I have done that but showing above error when i try to access websites. I am trying from Android ...


----------



## zim (Oct 2, 2013)

Apparently your home connection is attempting IPv6 First. And the error is PPP rejecting the protocol.

Did you start with a fresh iptable? Are you blocking any ports on the VPN?


----------



## fahad (Oct 2, 2013)

zim said:


> Apparently your home connection is attempting IPv6 First. And the error is PPP rejecting the protocol.
> 
> Did you start with a fresh iptable?
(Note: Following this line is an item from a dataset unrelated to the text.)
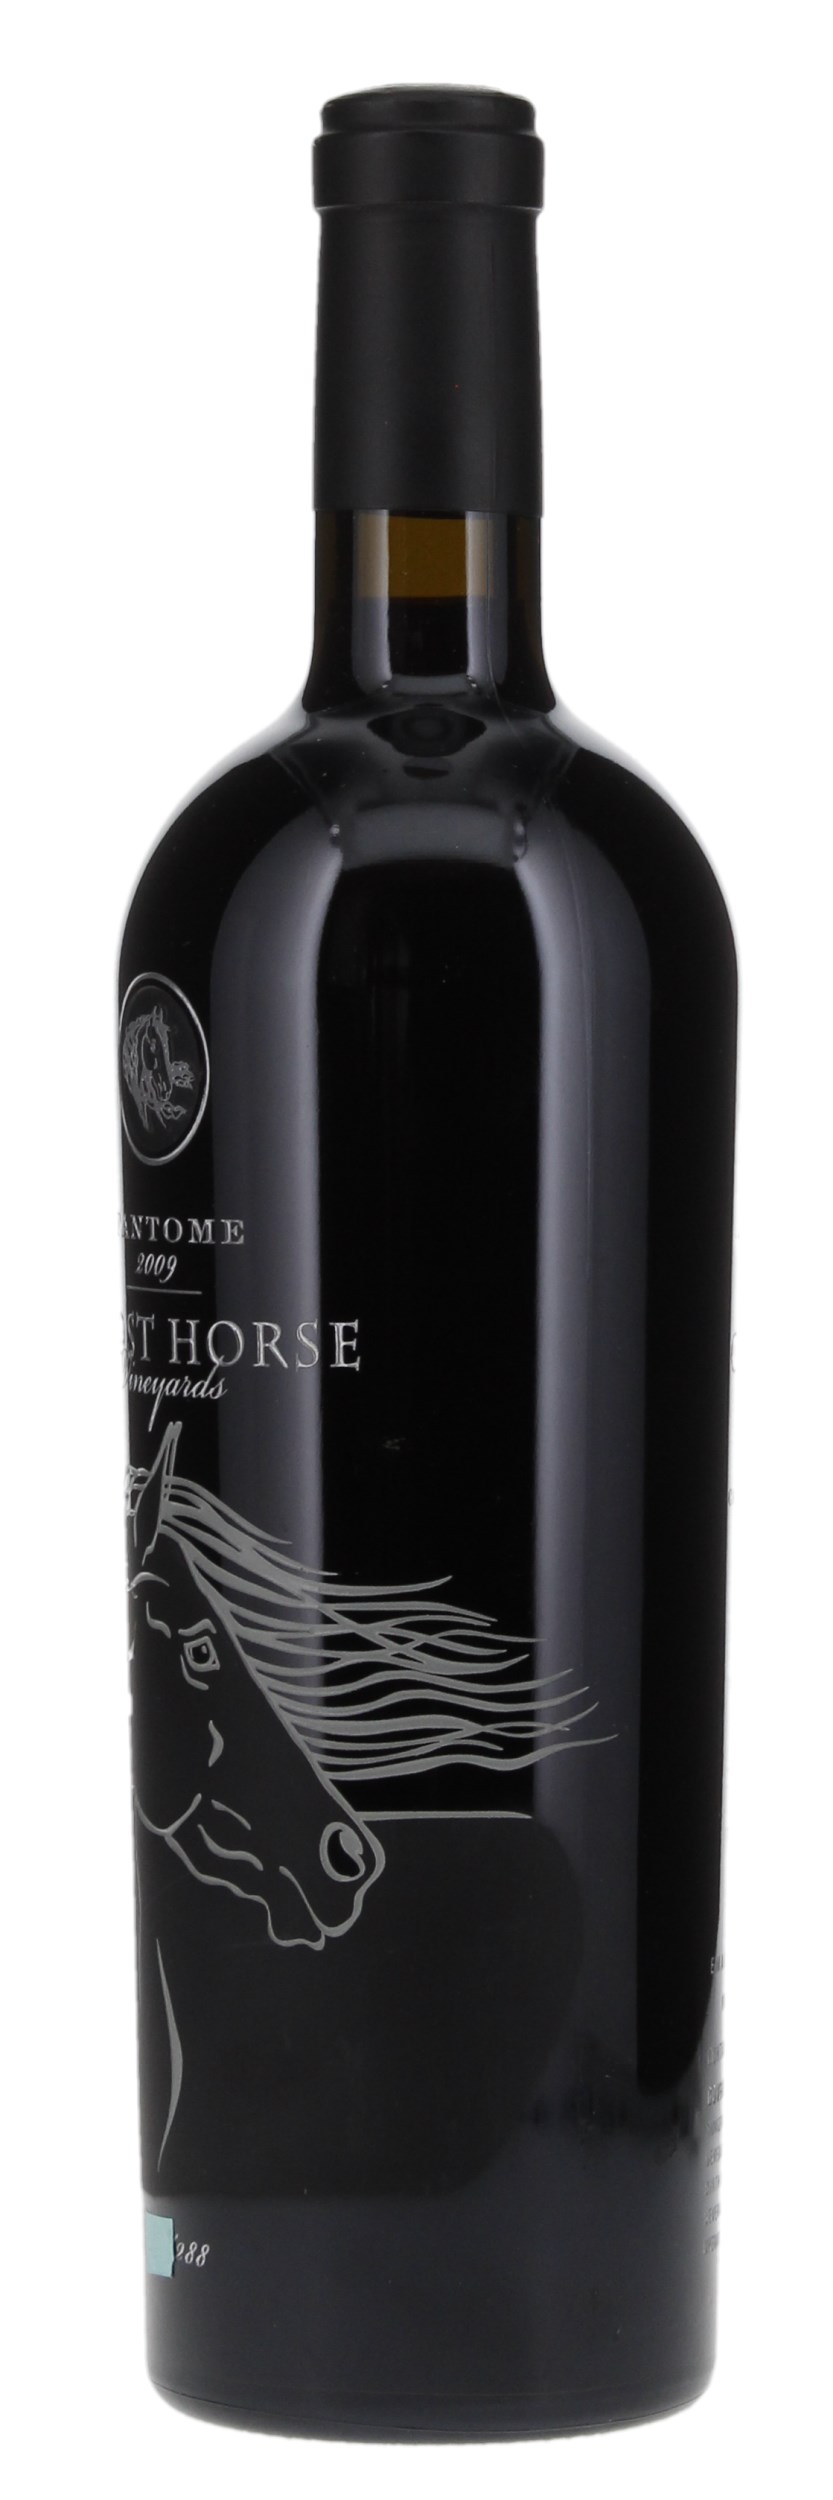 2009 Ghost Horse Vineyard Fantome Cabernet Sauvignon, 750ml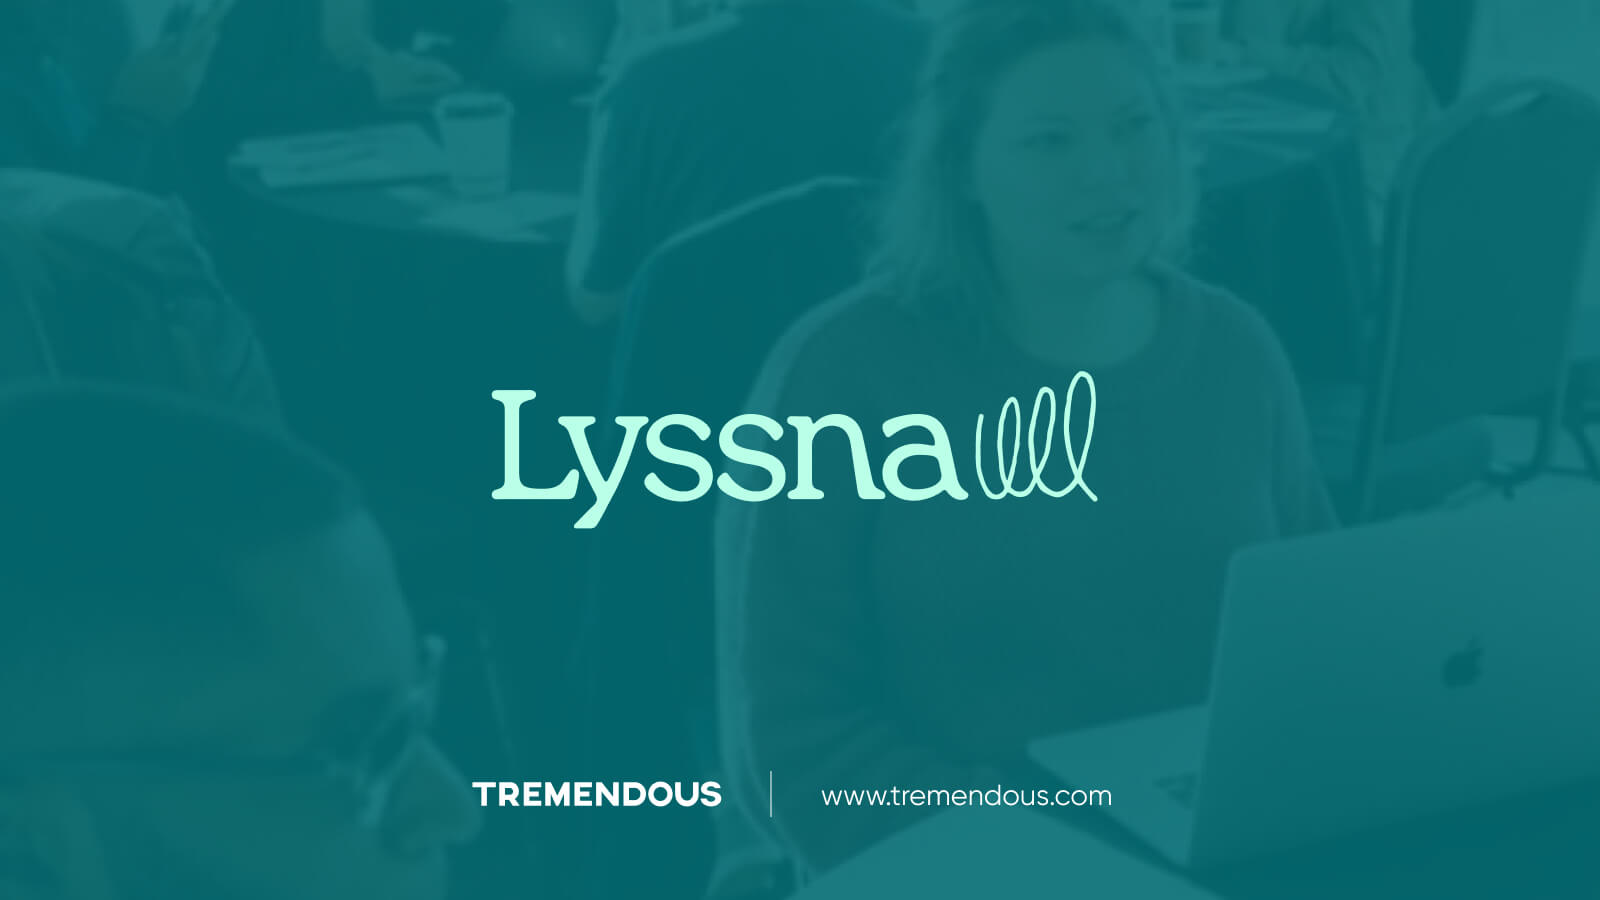 The Lyssna logo.

Are you blocking any ports on the VPN?


I have no idea about that ....  please explain how to know that ...


----------



## fahad (Oct 2, 2013)

Solution is:
 


#refuse-pap
#refuse-chap
#refuse-mschap
# Require the peer to authenticate itself using MS-CHAPv2 [Microsoft
# Challenge Handshake Authentication Protocol, Version 2] authentication.
#require-mschap-v2
# Require MPPE 128-bit encryption
# (note that MPPE requires the use of MSCHAP-V2 during authentication)
#require-mppe-128
# }}}
And no user/pass . So open VPN access ..  Only problem occurs by mppe


----------



## fahad (Oct 2, 2013)

Ok , I got the solution.

just give a # before require-mppe-128


----------